Everything would’ve gone great, had Prince Micah’s underaged and creepy brother had not murdered him mid-ceremony. This forces Margo to marry the younger brother because of rules and stuff. At least she manages to scare the boy into not consummating the marriage by saying it’s Earthly custom to open all the wedding gifts first. Amongst the gifts, Margo finds a letter from Old Quentin, instructing her to find Jane Chatwin (a Jane Chatwin that lives in the outskirts of time in Fillory), retrieve the third key from her, and stop himself and Eliot (present day) from going to Fillory.

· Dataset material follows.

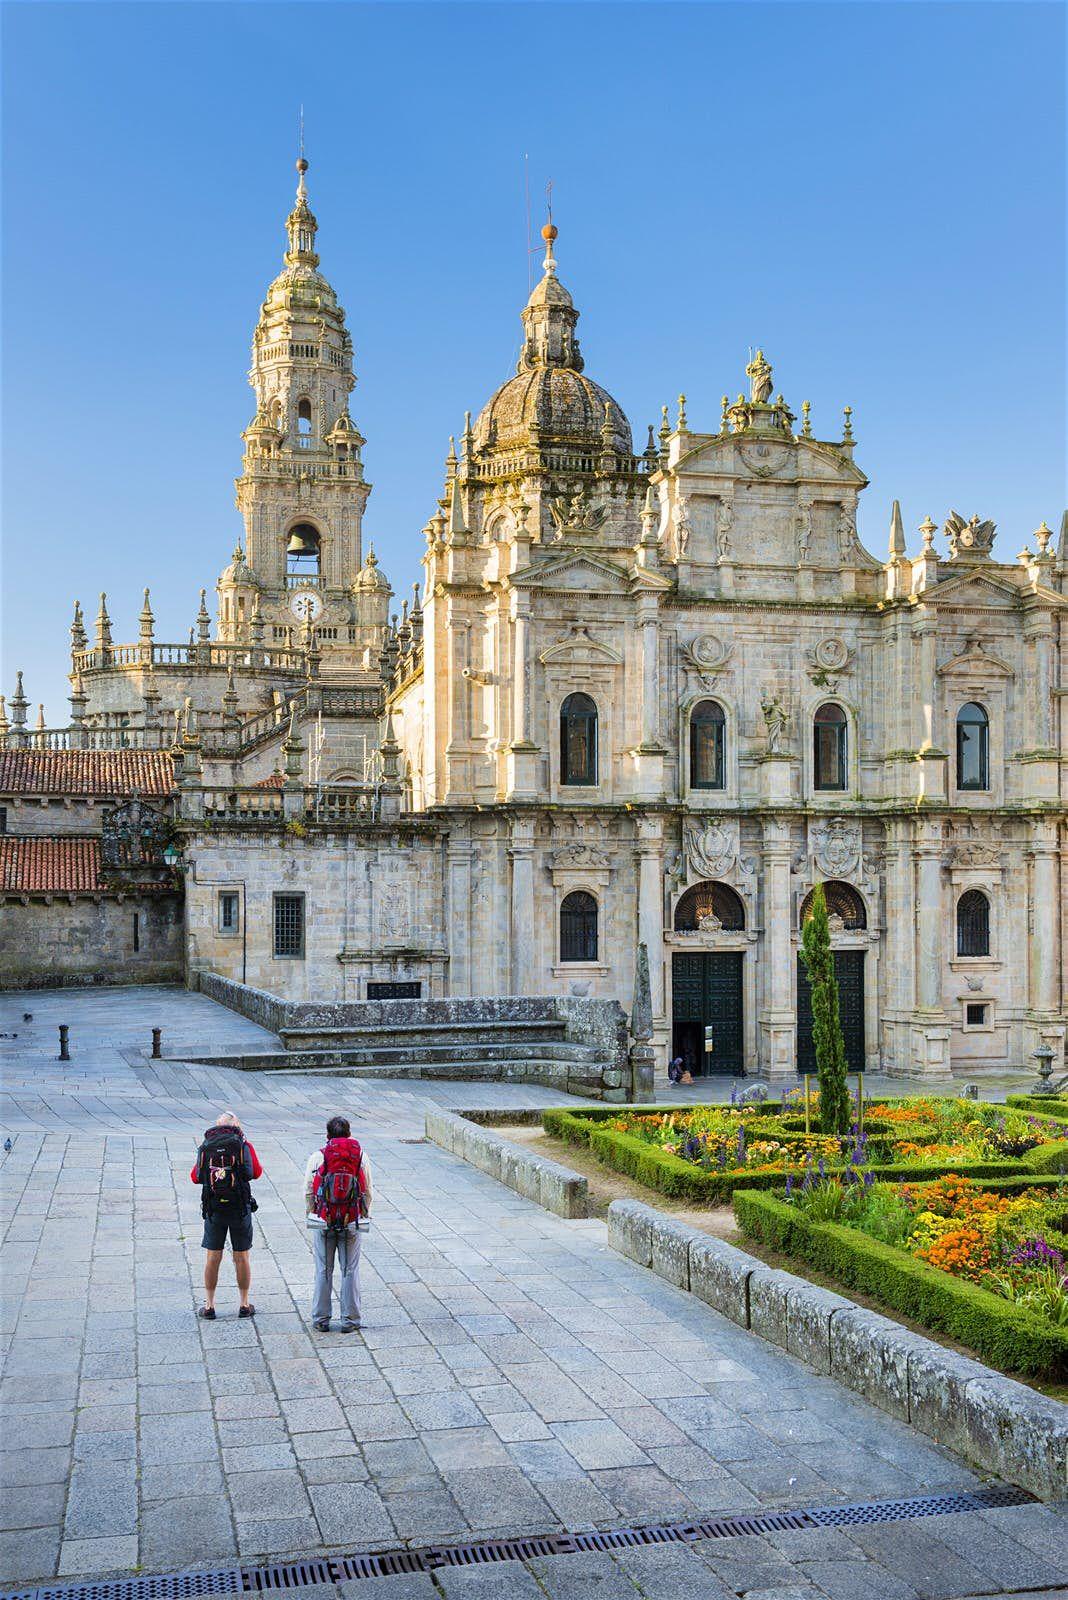 Walking The Camino De Santiago Highlights Of The Camino Francés Lonely Planet Camino De Santiago The Camino Spain Travel

Of course, our Margo saves the day, and our trio finds their way back to Fillory so they can help Margo with her psycho husband problem. Except…when Eliot and Quentin find peaches and plumbs left behind from the wedding reception, they begin to remember their old life.
Season 3 is delivering solid episode after solid episode. This one made me feel worried, strained even. I’m glad they gave Penny a rest after his character-centric episode and that plot lines that were interesting but not that pressing were minimized. We hadn’t had an Eliot and Quentin sequence in a long, long time. And this used to be a central part of The Magicians in its early days. I do want to point out that this is the second time Eliot dies but then doesn’t die…and you know what they say. Third time’s the charm.
I did feel I needed a Xanax through most of this episode. But I’m going to have to agree with Miley Cyrus, who coincidentally said this during her “7 Things” song, and we’re looking for seven keys…Anyways, “You make me laugh, you make me cry, but I guess that’s both I’ll have to buy.”
This show is clearly affecting my brain.
Let’s wrap this up.
“A Life in the Day” Episode Vitals
MVP: Eliot, Quentin, and Margo
Biggest Annoyance: The whole time Penny and Quentin were stuck in Fillorian past
Favorite Moment: When Margo saves the day
Funniest Line: I didn’t laugh in this episode. I was too stressed.